As we all know, drivers do two main things: the first is to provide a language system as participants, they use their eyes and ears to judge what is happening around them and translate it into corresponding driving actions, which are usually relatively simple, such as turning left, turning right, stepping on the brake, stepping on the gas pedal and so on. The second is navigation, getting to a given location. The new artificial intelligence technology has found a way for the machine to automatically perceive the surrounding environment to a certain extent, control the car through the computer, dynamically perceive pedestrians, vehicles and street lights and other road information, and convert it into specific instructions to control the car, which is now the hot unmanned self-driving car.

With advances in sensors, reactors and wireless communications, driverless cars could be in widespread use within a few years, and perhaps even more interesting things. But it also raises serious questions. These delicate machines need to make splintering decisions about what is right and what is wrong, ethical questions that have puzzled thinkers for millennia, even for humans. Thought kaplan imagination, “assuming that my car was going through a narrow bridge, and the other end of the bridge from a school bus full of children, because of the bridge can’t hold two cars at the same time, in order to avoid the two cars were destroyed at the same time, must choose one car fell down to the bridge, then, we will buy a willing to sacrifice themselves to save the children’s car? Will radical style be a selling point for self-driving cars? Similar moral dilemmas are no longer confined to the musings of philosophers, but will soon confront our laws.” This difficult game theory problem, we need to continue to explore the pursuit.

The future of humanity has nothing to do with science fiction

Artificial intelligence is bound to have a profound impact on human society. In the era of artificial intelligence, how will the system and operation mode of human society develop and change? No one can predict exactly. But it is possible to foresee a world in which most people will no longer be engaged in simple manual labor. Instead, they will be hosting online parties, taking the elderly on trips using virtual reality, and designing products that work with 3D printers.

The purpose of Kaplan’s book “The Age of Artificial Intelligence” is to let readers have a deeper understanding of this revolution, and to understand and distinguish the real and fantasy in the age of artificial intelligence. “If the public perception of this important technology is shaped only by science fiction movies and novels, then we can’t prepare for the very real impact it will have on how we live and work,” Kaplan told us in an interview.
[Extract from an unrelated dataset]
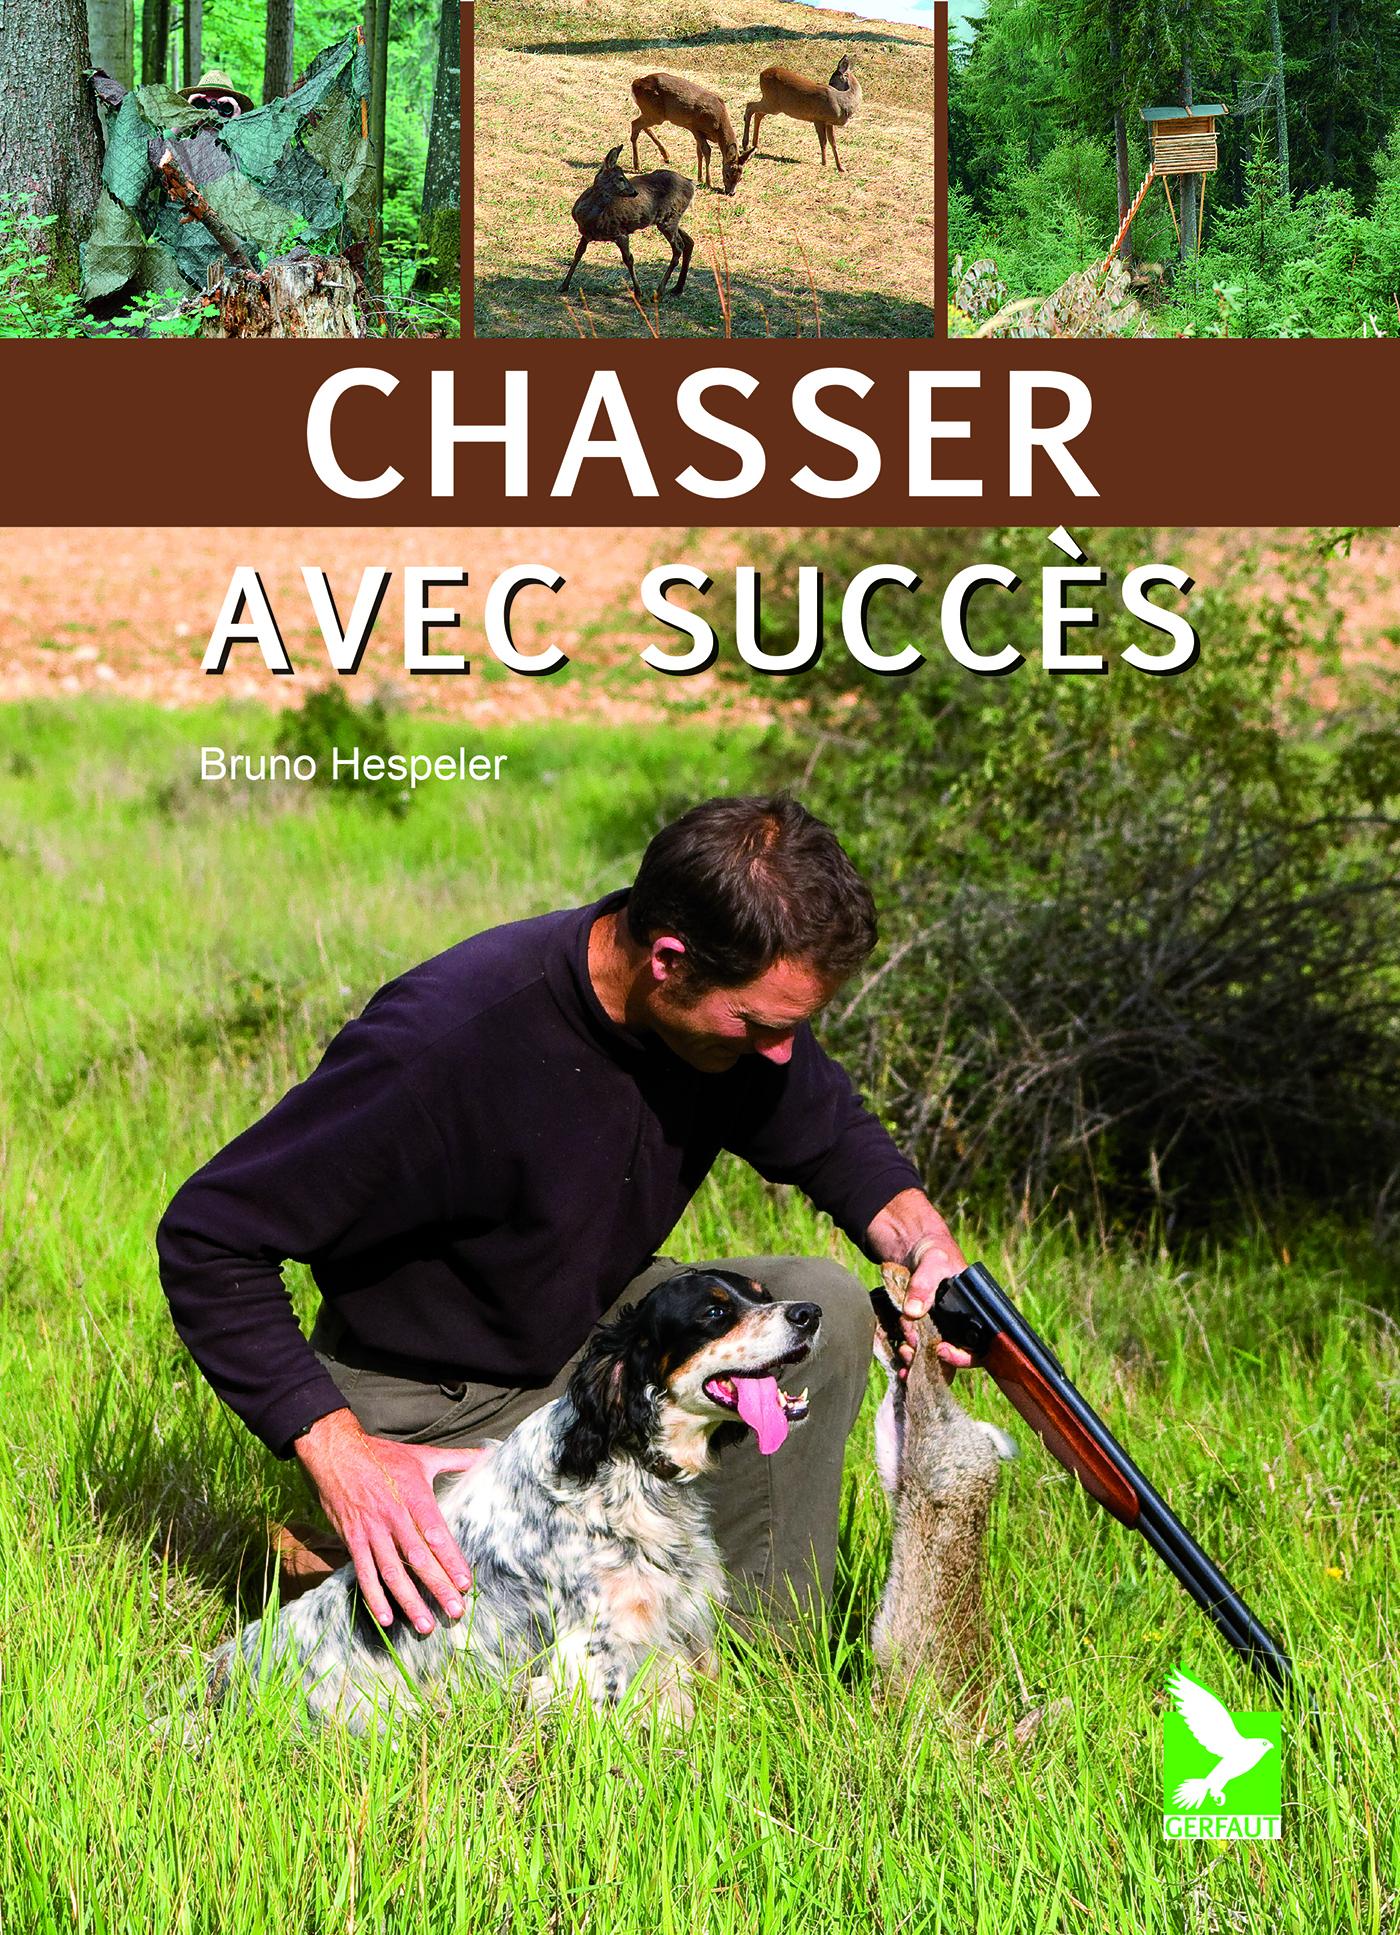 CHASSER AVEC SUCCES

Knowledge rooted in fact is a better guide to the future, because the world we live in today will be very different from that future.”

Giiso information, founded in 2013, is the first domestic high-tech enterprise focusing on the research and development of intelligent information processing technology and the development and operation of core software for writing robots. At the beginning of its establishment, the company received angel round investment, and in August 2015, GSR Venture Capital received $5 million pre-A round of investment.

Perhaps in the future, as Kaplan said, the society no longer needs a lot of physical labor, and many repetitive and boring jobs no longer need human beings to do them by themselves. Everyone can engage in the work they are interested in and truly enjoy every interesting day under a highly humanized system and operation mode.